JA: I used to do high-end real estate in the DC area during the real estate boom in the U.S. I was working with a small-to-mid tier developer who was building 30-400 unit projects. Yet when I came to Pakistan, I thought I would do anything but housing. This was because I knew that the corruption and red tape made it really difficult and messy; one would have to deal with patwaris, linemen, and so forth. So it just wasn’t going to sit well with me.

At that time, I only had one contact, and it turned out that she was connected to the Orangi Pilot Project and Saiban. She told me that Saiban was planning to develop an affordable housing settlement – Khuda Ki Basti (KKB) – in Lahore, and was looking for a project manager. When I saw a powerpoint that described Saiban’s model, it just blew my mind. I thought, “Forget that thing about not doing housing – this is it! This is exactly what needs to be done.” It was such a compelling model of how affordable housing is supposed to be done. So I joined as Project Manager in 2006, and was Saiban’s highest paid employee at 25,000 rupees or so.

IC: Can you tell us about your experience in launching KKB-4 in Kala Shah Kaku?

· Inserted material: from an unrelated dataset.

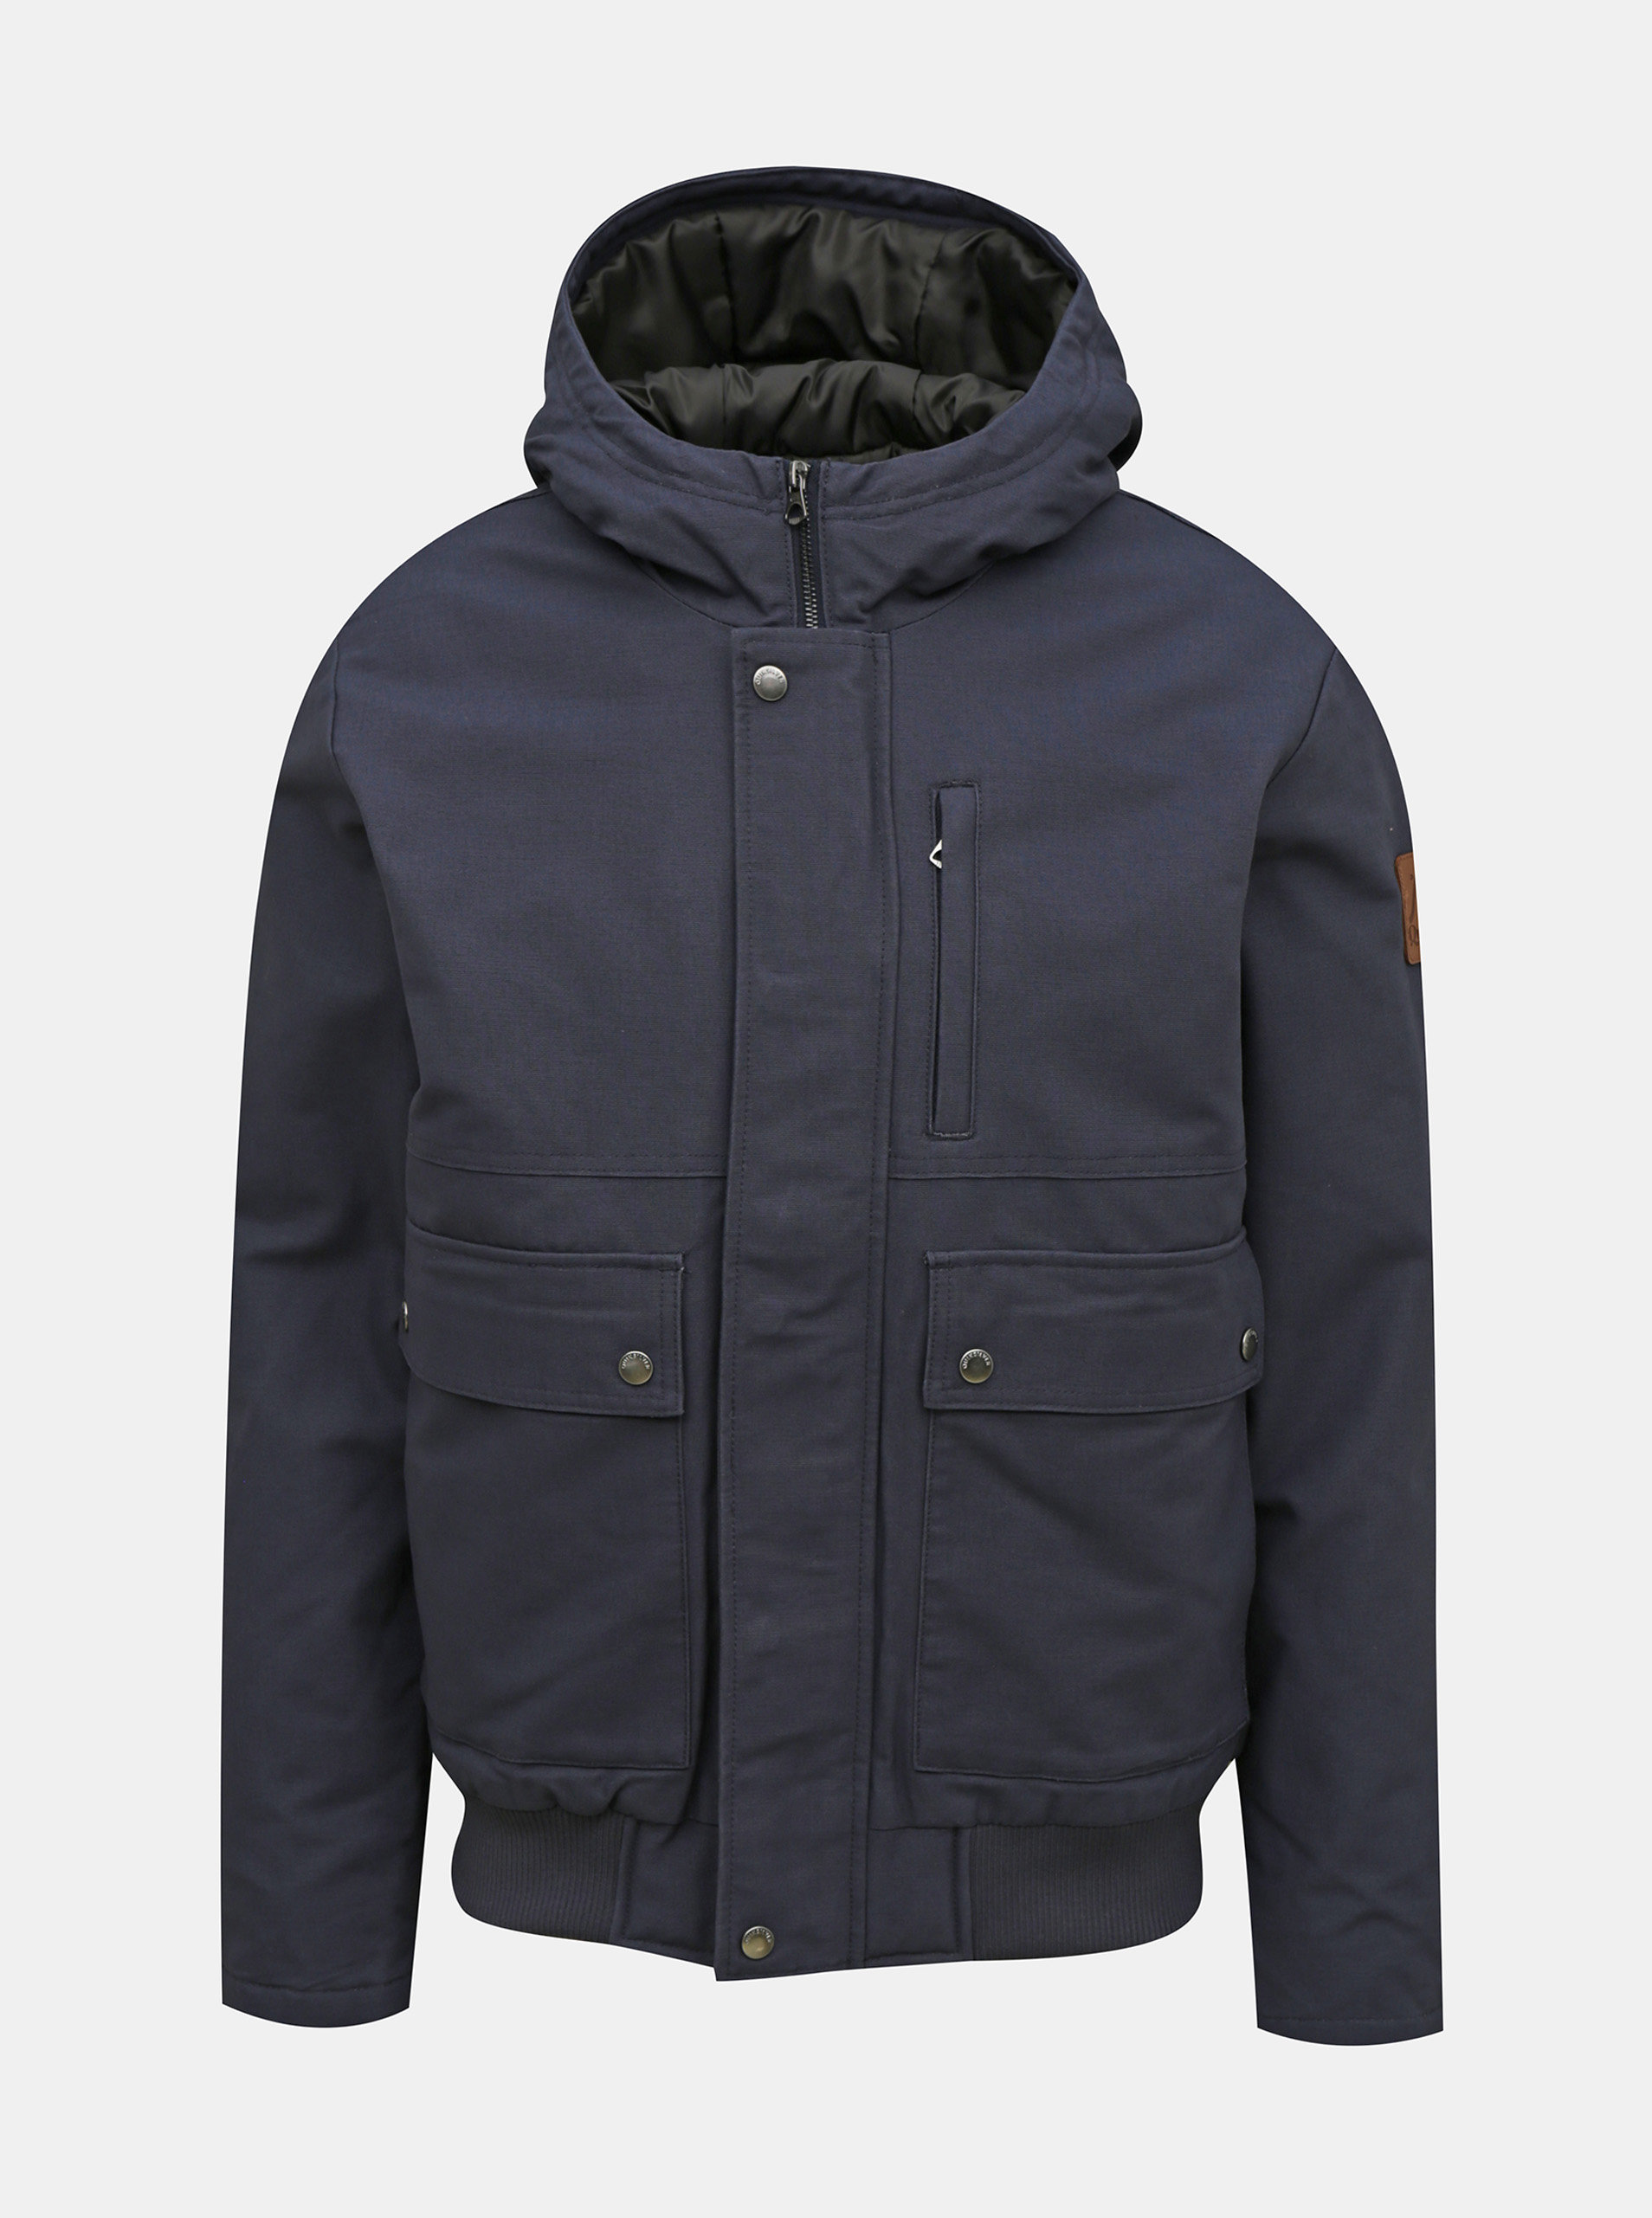 Tmavomodrá zimná bunda Quiksilver

Were there any difficulties in getting the project off the ground?

JA: For starters, we were the first ones to ever seek legal approval of a housing development from a Tehsil Municipal Authority (TMA) in the district of Sheikhupura. It was not as if there were not other housing developments being constructed there, but it was just that no other developer had gotten approval from the municipal authorities before. Let me explain this in more detail. In order to construct a private housing development at that time, a developer had to get approval from the TMA or relevant Development Authority. In our case, the application would be submitted to the TMA, after which it would go to the district level where the District Development Committee (of which the District Coordination Officer was Chairman) would make a decision. Only after that would we be allowed to commence construction and sales. The entire process was so painful that at times we would go to a certain department and say that the law is requiring us to get a document, and the relevant authority would tell us that they’ve never produced that document before. Instead they’d tell us to go ask another department. When we would go there, they’d tell us to go back to another department, and so on and so forth. It would take weeks to complete a single document.

It was definitely a disadvantage to us, but it also came as an advantage to the TMA’s because at times we helped them understand what was being asked for (all the documents were in English). So we had to do this multiple times for a number of documents. That’s the thing with affordable housing – nobody has done it before, nobody has even thought about it before. We had to invent and be innovative about how to find solutions. Otherwise we weren’t going anywhere.

IC: How long did it take you to finally get approval?

JA: I believe it took roughly two years to get approval although the process should have taken four-five months. We also have a zero tolerance policy for bribes so that may have contributed to the delay. Yet, we were ultimately able to get approvals because of the nature of our work. We’d tell the authorities that we’re doing this for your relatives, brothers, and friends so whatever you pass to us, we will pass on to them. When they’d understand that we wanted to benefit low-lower-middle income groups, they’d often feel ashamed and would give us the go-ahead.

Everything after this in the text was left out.